Regulation change to allow LPAs to sell land with benefit of planning permission granted to themselves

From 23 February 2018, an LPA will be able to grant itself planning permission and sell the relevant land with the benefit of that planning permission. This small statutory change has the potential to significantly bolster LPAs’ role in facilitating development and ensuring that it is comprehensively planned.

The Town and Country Planning General (Amendment) (England) 2018 (the Amending Regulations) will remove Regulation 9  from Town and Country Planning General Regulations 1992 (the 1992 Regulations), with the effect that planning permissions granted by LPAs to themselves  will now run with the land.

Currently, Regulation 9 provides that a planning permission (where applied for by an LPA on its own land) will be personal to the LPA and where applied for jointly, only for the benefit of LPA and the named applicant. This has severely impeded the ability of an LPA, having secured planning permission to then sell the land on with the benefit of that planning permission. This has had cost implications requiring more complex land structures to be put in place before applications for development proposals could be made.

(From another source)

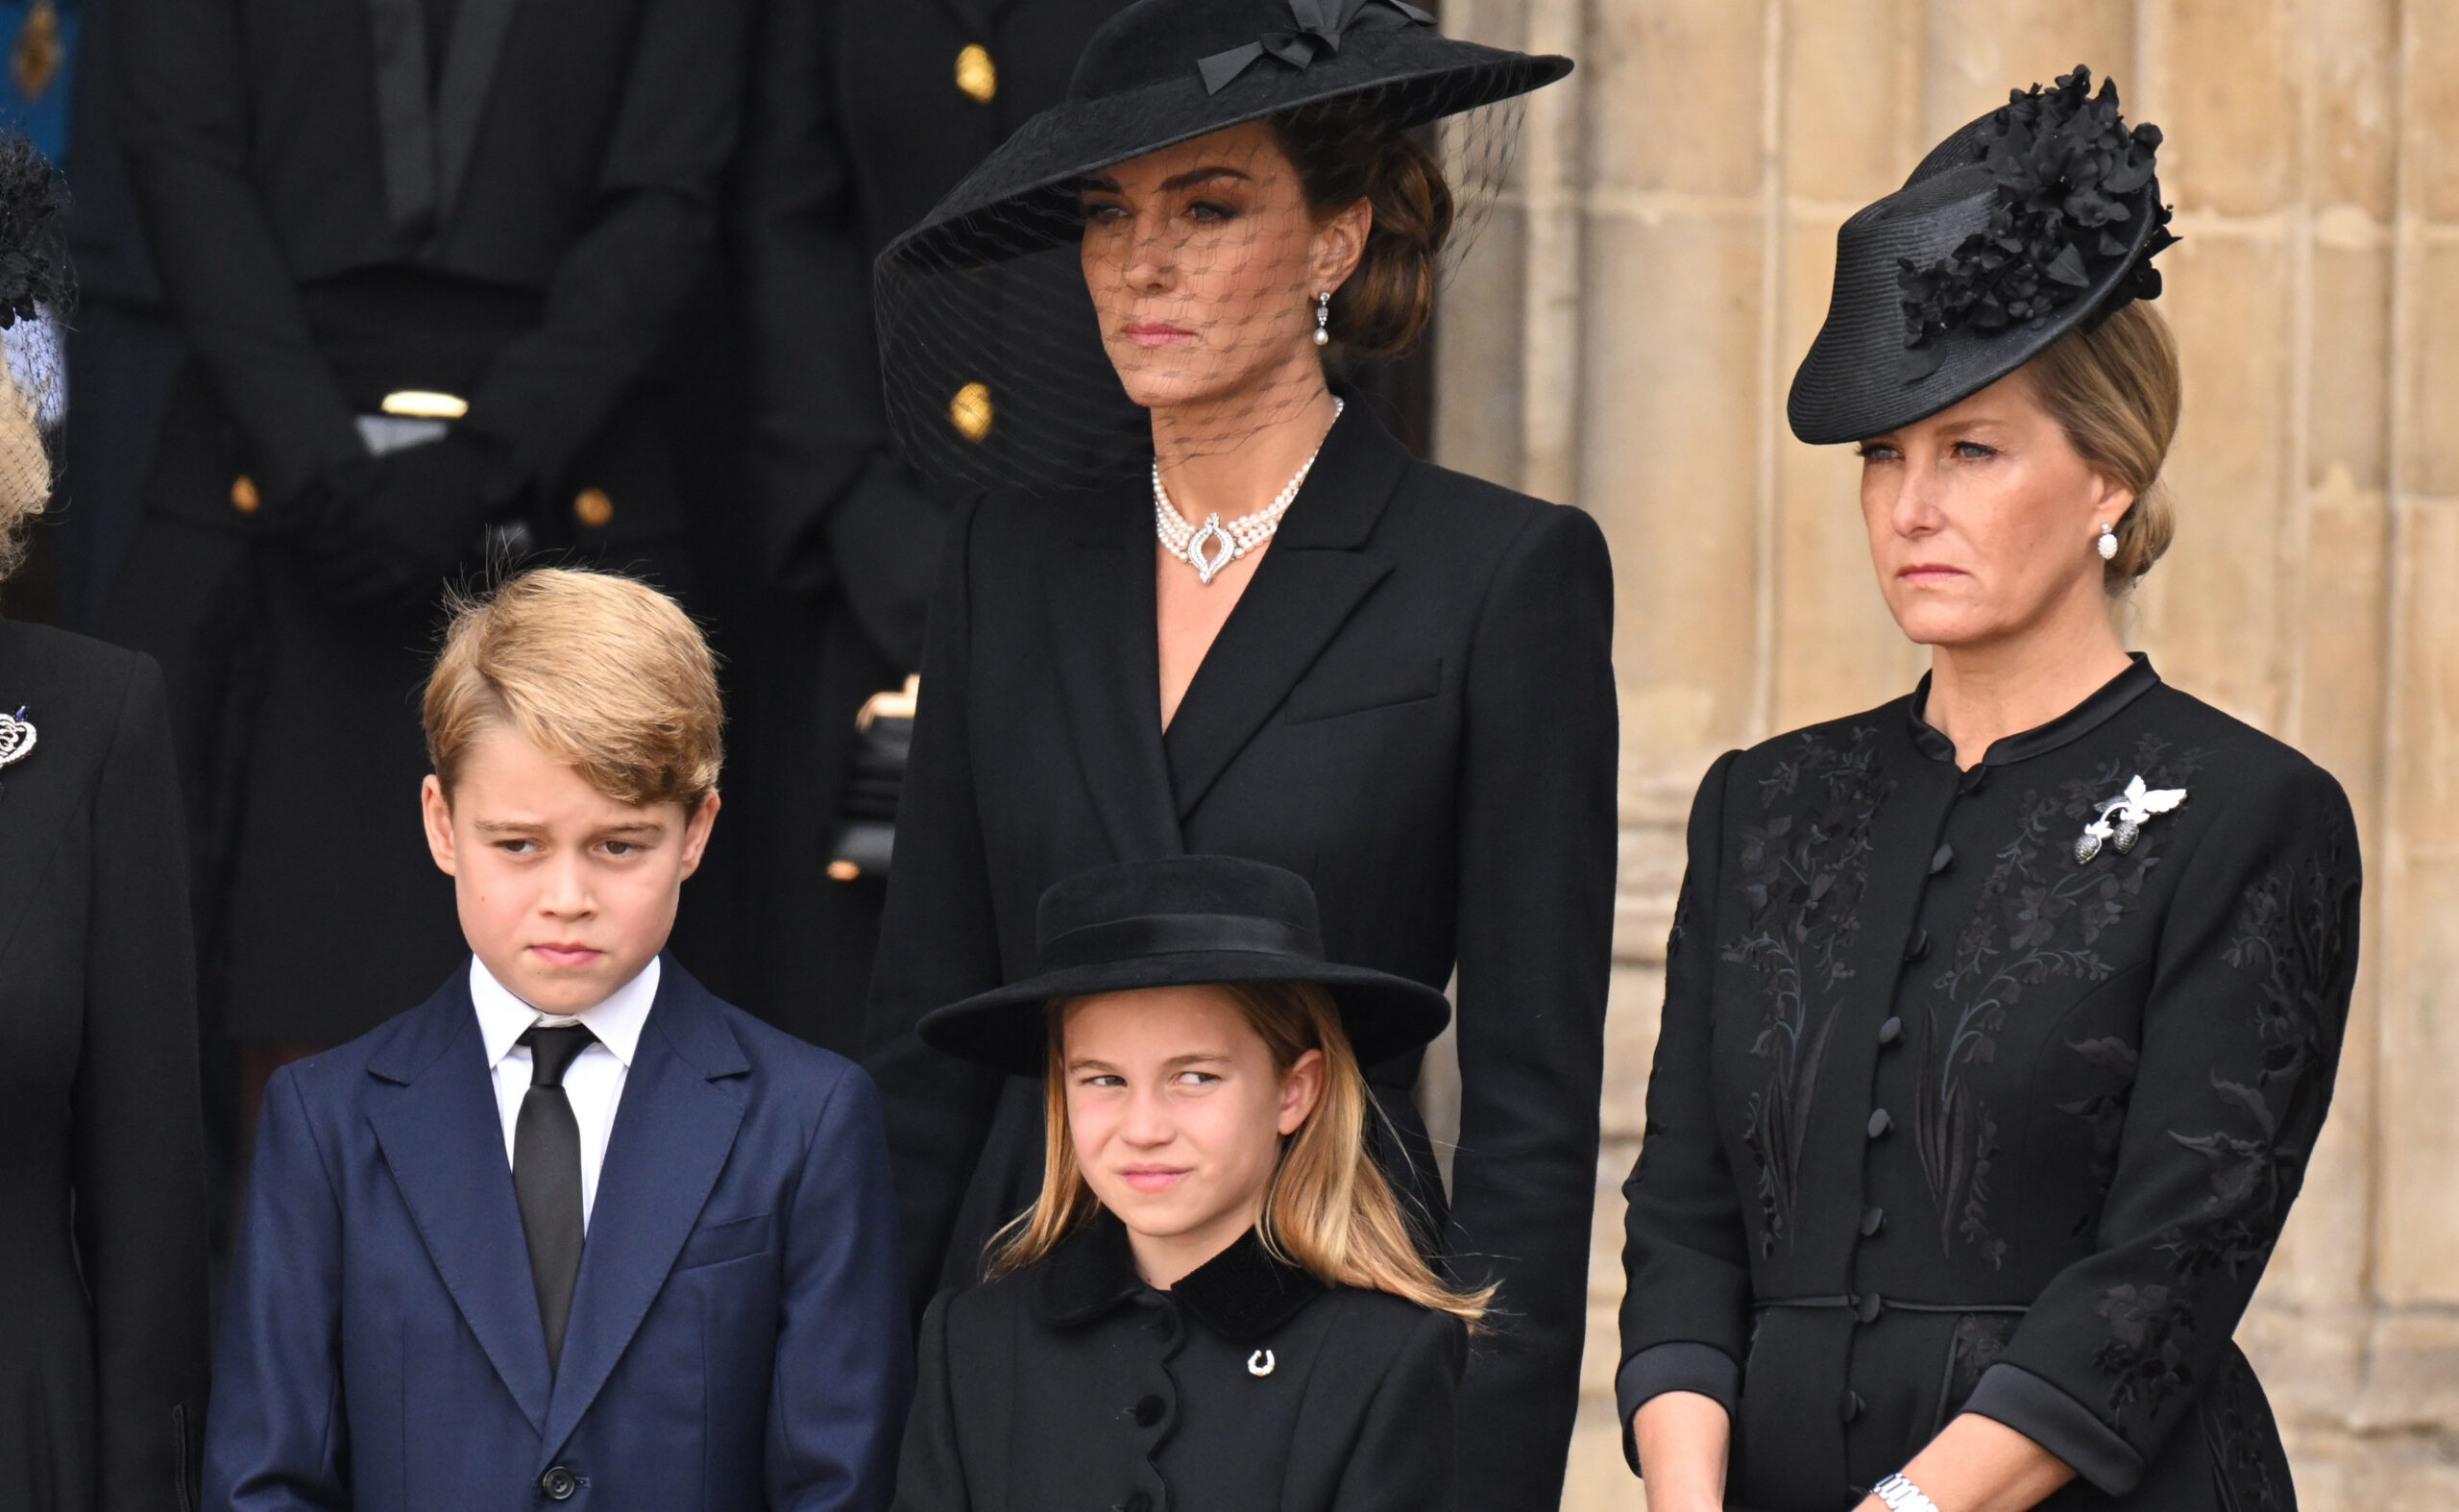 “No guidance”: Inside Prince George and Princess Charlotte’s standout moment at the Queen’s funeral

Oddly, the Regulations do not apply to any planning permissions granted before 23 February 2018. Given that future consents will run with the land it is strange that past consents have not been similarly “liberated”.

The removal of Regulation 9 was proposed in last year’s Housing White Paper on the basis that it will save time that developers would otherwise spend securing planning permission in relation to land which they purchase from LPAs.

It should achieve this. Now the Government needs to make sure that the best consideration requirements are changed so that land can be sold on for the best use for the area rather than just for the best price.